The entries that follow must be given again exactly, with the pictures excluded.

··· The records

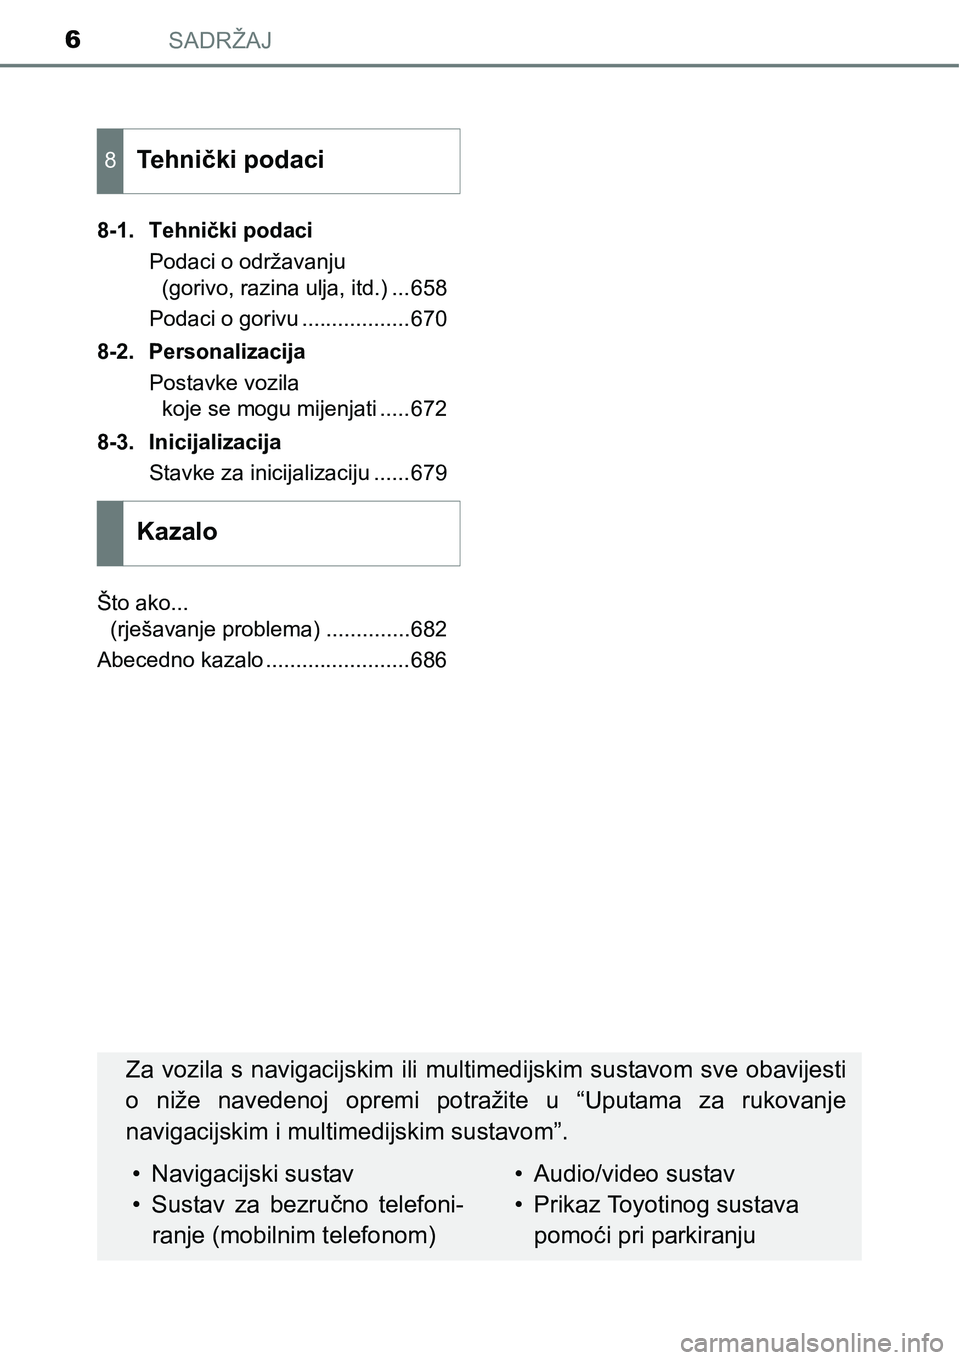 TOYOTA PRIUS 2016  Upute Za Rukovanje (in Croatian) SADRŽAJ6
8-1. Tehnički podaci
Podaci o održavanju 
(gorivo, razina ulja, itd.) ...658
Podaci o gorivu ..................670
8-2. Personalizacija
Postavke vozila 
koje se mogu mijenjati .....672
8-3

······

*Task output:*
 TOYOTA PRIUS 2016  Upute Za Rukovanje (in Croatian) SADRŽAJ6
8-1. Tehnički podaci
Podaci o održavanju 
(gorivo, razina ulja, itd.) ...658
Podaci o gorivu ..................670
8-2. Personalizacija
Postavke vozila 
koje se mogu mijenjati .....672
8-3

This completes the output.